Никольская церковь на Бережках является исключительным памятником русской архитектуры. Внутри она делится на два этажа: верхний летний и нижний зимний. Уникальность ее интерьера подметил литератор С. Спиро, посетивший Щелыково в 1911 году: «Вся живопись и лепка представляют из себя редкую, может быть, единственную в русской церкви смесь православия, католичества и масонства… Весь иконостас верхнего этажа в стиле рококо. Тут же наряду с иконописными произведениями итальянских мастеров есть старинные картины кинешемских живописцев. Есть и фигуры святых, как бы привезенные из польских костелов»[149].

Полвека Щелыково оставалось во владении Кутузовых. За это время вместо сгоревшего каменного дома был построен новый деревянный — и на другом месте. Уже одно это свидетельствует о постепенном оскудении. Наступила эпоха, когда усадьбы стали переходить из дворянских рук к новым владельцам, принадлежавшим к купеческому сословию.

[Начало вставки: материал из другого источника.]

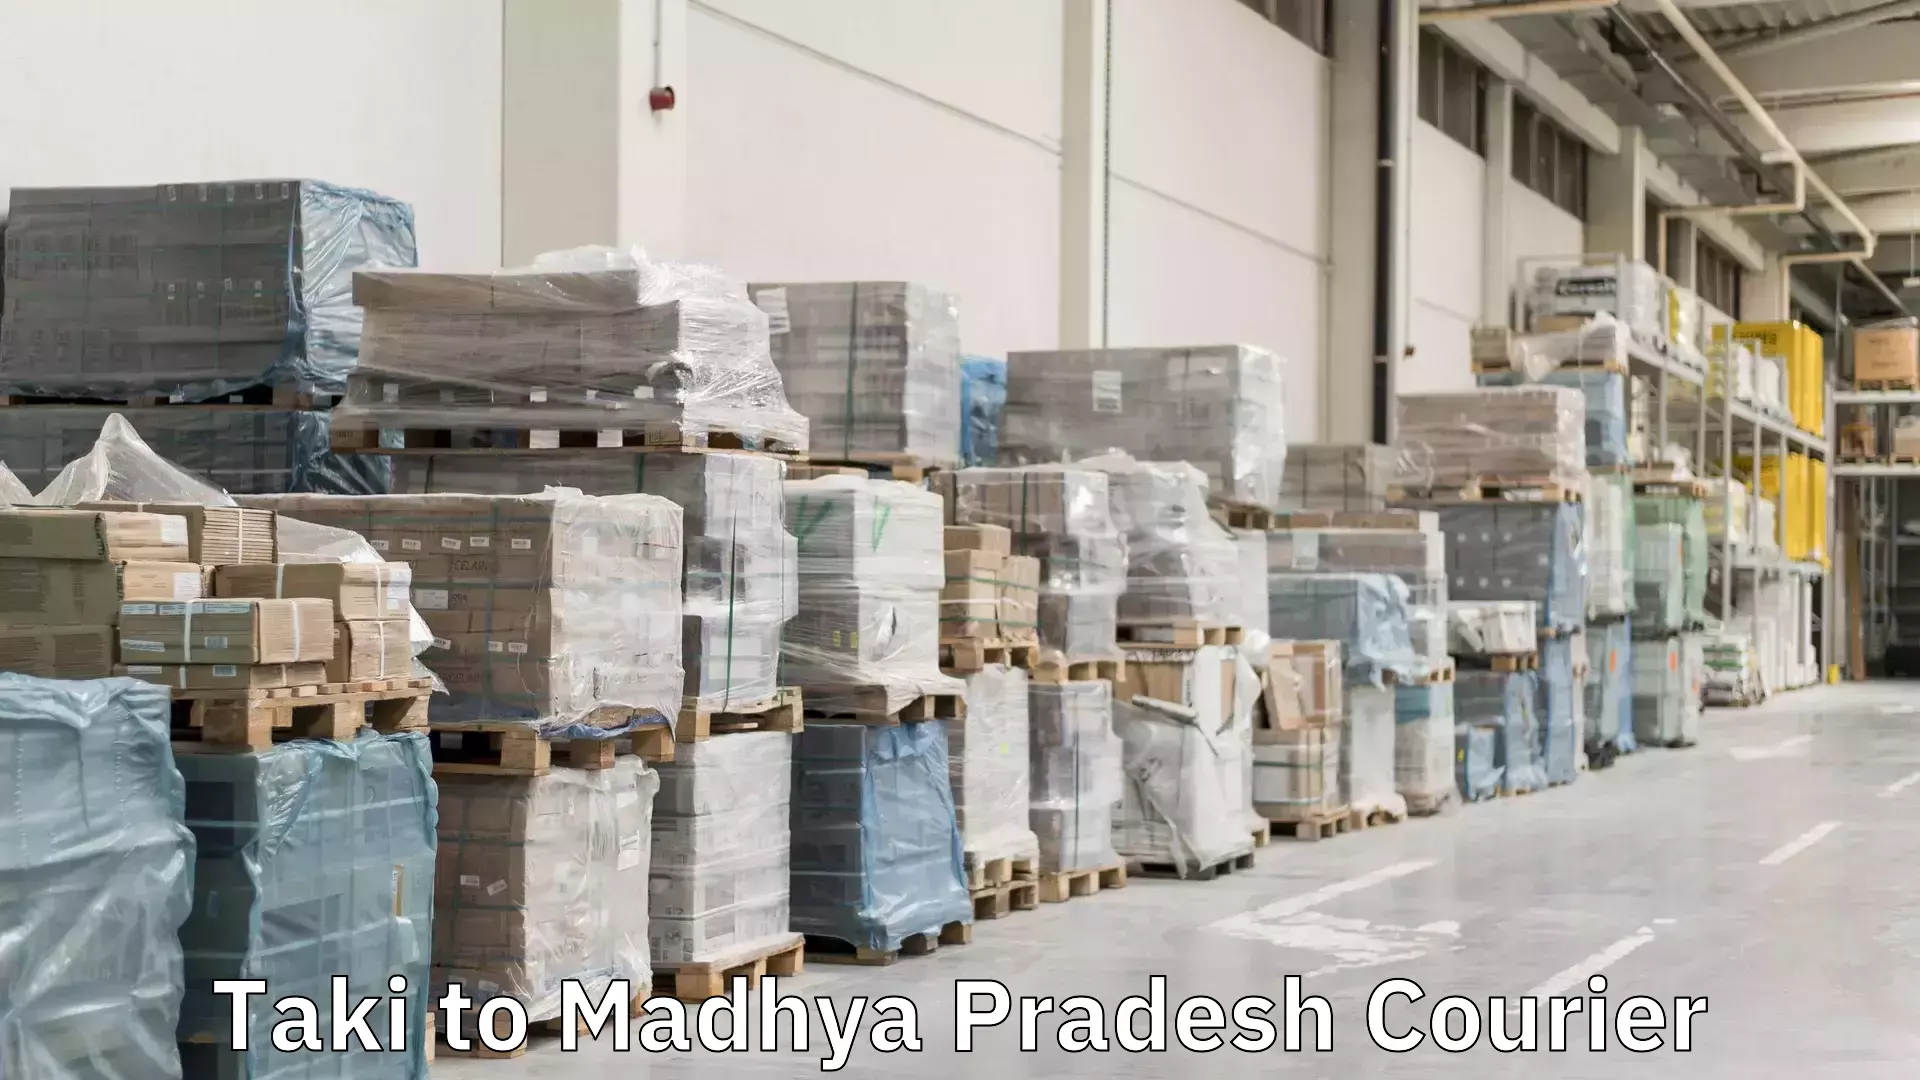 Speedy delivery service Taki to Madhya Pradesh
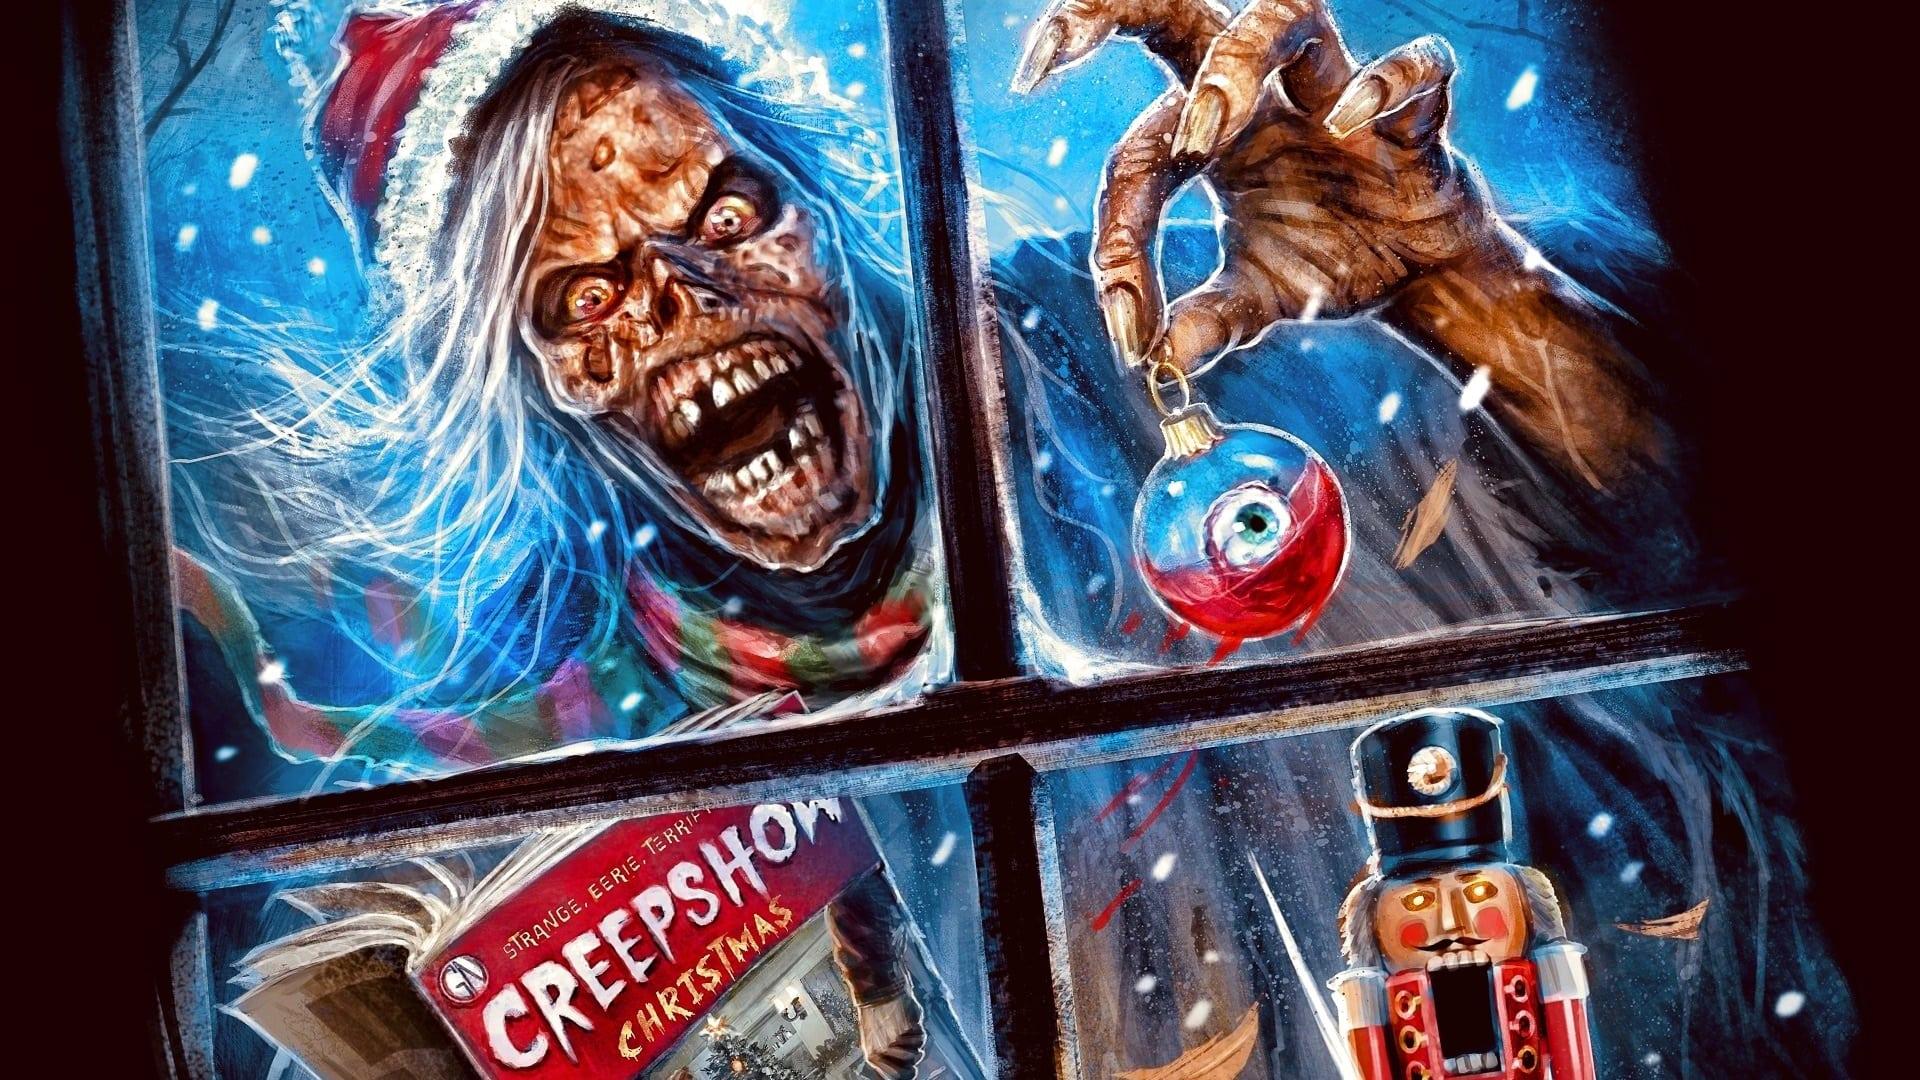 A Creepshow Holiday Special backdrop

Отец драматурга Николай Федорович Островский служил в Москве чиновником по судебному ведомству и свою службу успешно совмещал с адвокатской практикой. К концу жизни он нажил состояние и владел в Москве семью домами, но его потянуло в деревню. Стареющий законник стал скупать имения в Нижегородской и Костромской губерниях (он сам был родом из Костромы). Самым крупным было Щелыково в Кинешемском уезде. Купчая датирована 28 июля 1847 года.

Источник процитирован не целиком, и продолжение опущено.